Since April 2016, the Scottish Government has exercised its power under the Scotland Act 2012 to set its own rate of tax on the income of a Scottish taxpayer, and from 6 April 2016, Scottish taxpayers “benefited” from the lowest income tax rate in the UK, of 10%. The inverted commas have been used because in real terms, no one would actually have noticed any difference! The UK income tax rates of 20, 40 and 45% set by Westminster had been reduced by an equivalent 10% for Scottish taxpayers, so there was no real increase or decrease overall, certainly as regards the 2016-17 tax year.

The following tax year was slightly different however, and our MPs, dipping their legislative toesies deeper into the water, then made the historic decision to set separate Scottish income tax rates and bands for the first time.
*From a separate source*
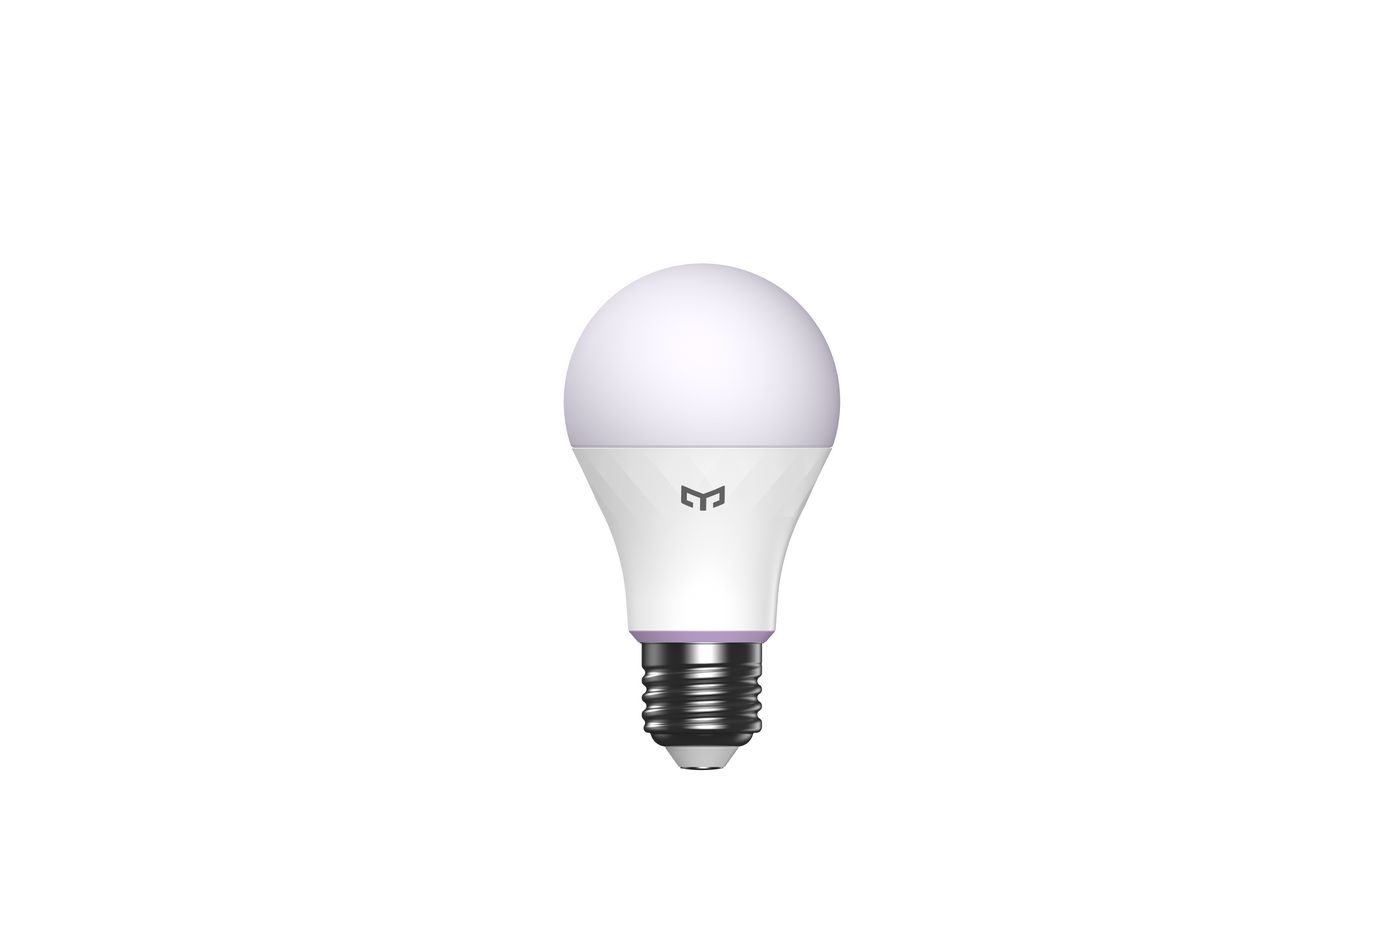 Photos - Other for Computer Xiaomi Yeelight Smart LED Bulb W4 YL00531

Tax rates were frozen, as were income tax bands, so whereas the rest of the UK saw an increased basic rate band limit of £45,000, in Scotland it remained at £43,000.

Whilst it might seem that a freeze is often a good thing, where the freeze is on allowances or tax bands then, unfortunately, it isn’t.

It would not have made any difference to anyone paying tax at the lower or basic rates in 2017-18, but it did mean that higher rate taxpayers in Scotland would hit the threshold – and therefore start paying the higher rate of tax – sooner than a taxpayer in the rest of the UK. So Scottish higher rate taxpayers began paying more tax than their English counterparts, to the tune of up to £400 (being the difference between the thresholds, at 20%) from 6 April 2017.

However, as if differing tax bands were not enough, our politicians then decided that they’d quite like to see what getting their whole foot wet felt like (Lord help us if they ever decide to go skinny-dipping!) and, with the passing of the Scottish Budget in February 2018, brought in five tax bands, as opposed to the three that the rest of the UK has to get by on. These are as follows:

  Rate (%) Banding
Starter rate 19 £11,851-13,850
Basic rate 20 £13,851-24,000
Intermediate rate 21 £24,001-43,430
Higher rate 41 £43,431-150,000
Top rate 46 £150,001+


Scottish tax rates will, for the first time ever, then, be appreciably different to those in the rest of the UK. As to the impact, well, according to the Scottish Government, compared to elsewhere in the UK, those earning less than £26,000 will pay slightly less income tax next year than if they lived elsewhere in the UK. Compared to 2017-18, for a given level of income, every Scottish taxpayer earning less than £33,000 in 2018-19 will pay less income tax than they did in the previous year; overall, 70% of Scottish income tax payers will pay less tax in 2018-19 compared to the previous year and, when considering current basic rate taxpayers, 81% will pay less (statistics from Scottish Government website).

However, whilst there is no doubt that many Scottish taxpayers will be better off than they were before, there is no getting away from the fact that a significant number will be worse off, not only in terms of their position in the previous year but also as regards a similar earning individual elsewhere in the UK.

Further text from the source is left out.